What to produce: Print the data below exactly as it stands, and keep the pictures out.

Data below:
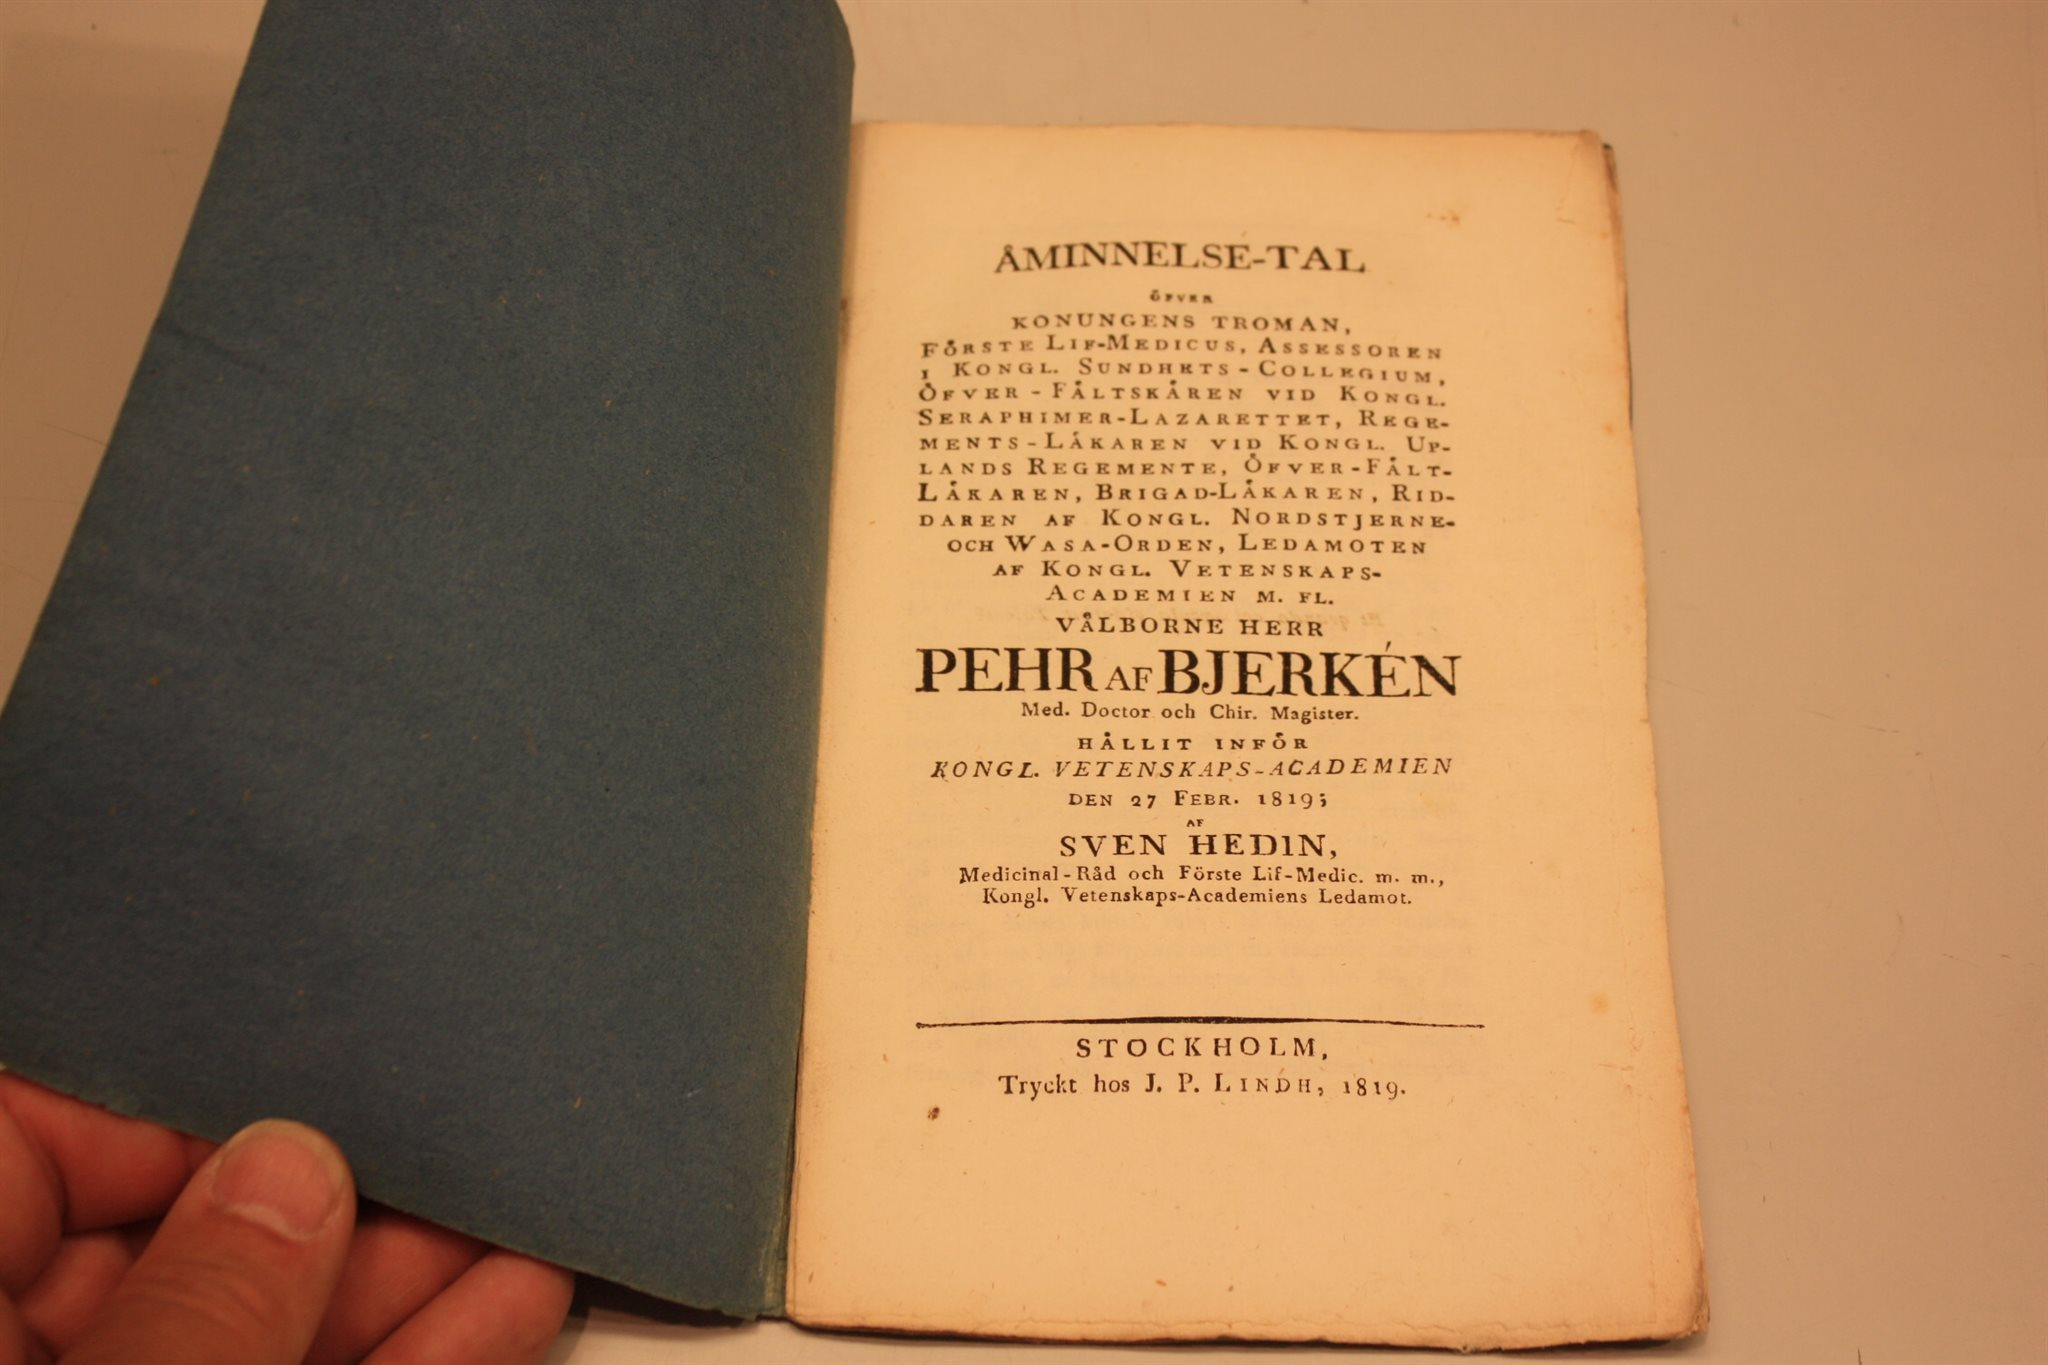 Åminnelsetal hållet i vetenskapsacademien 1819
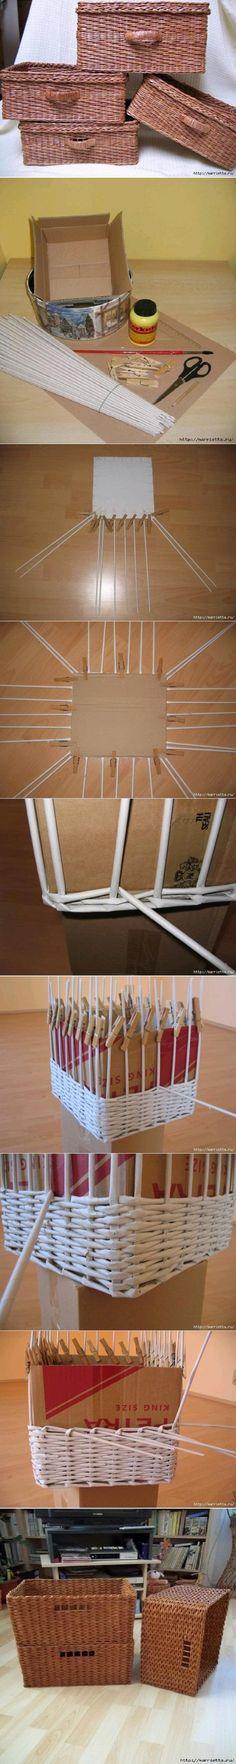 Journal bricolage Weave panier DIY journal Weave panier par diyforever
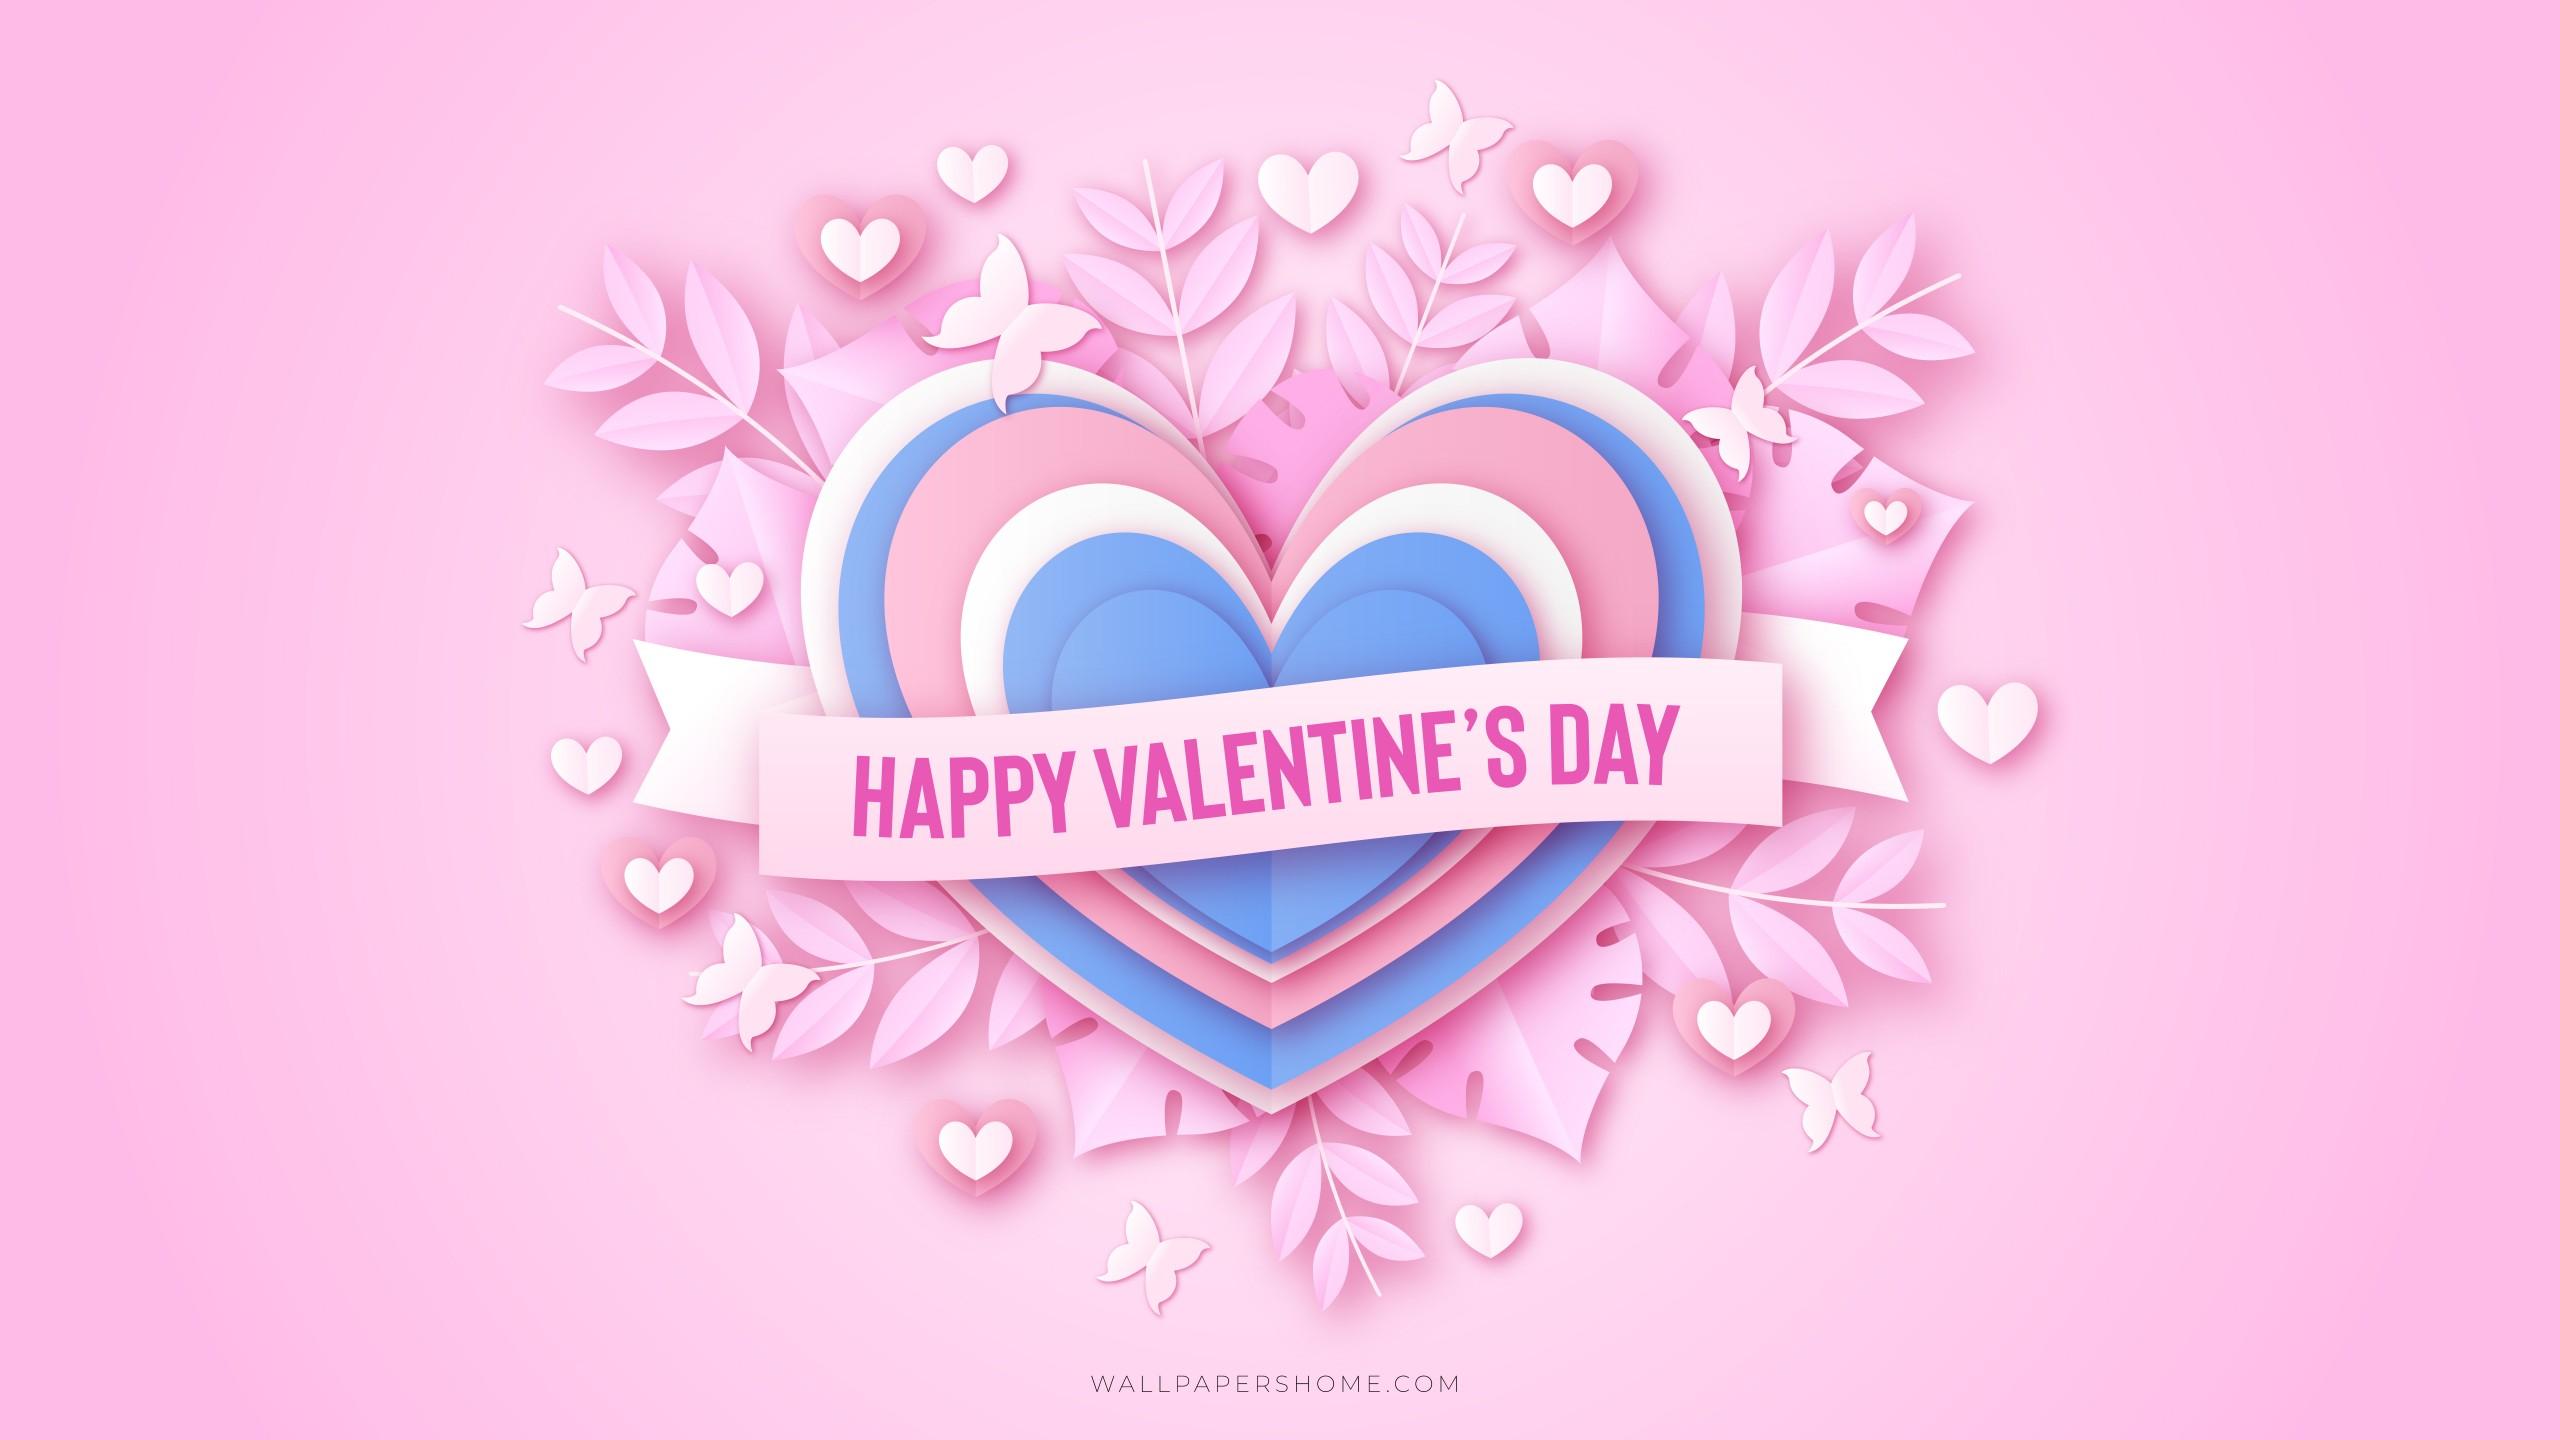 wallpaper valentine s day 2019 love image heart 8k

Problem solution:
 Åminnelsetal hållet i vetenskapsacademien 1819
 Journal bricolage Weave panier DIY journal Weave panier par diyforever
 wallpaper valentine s day 2019 love image heart 8k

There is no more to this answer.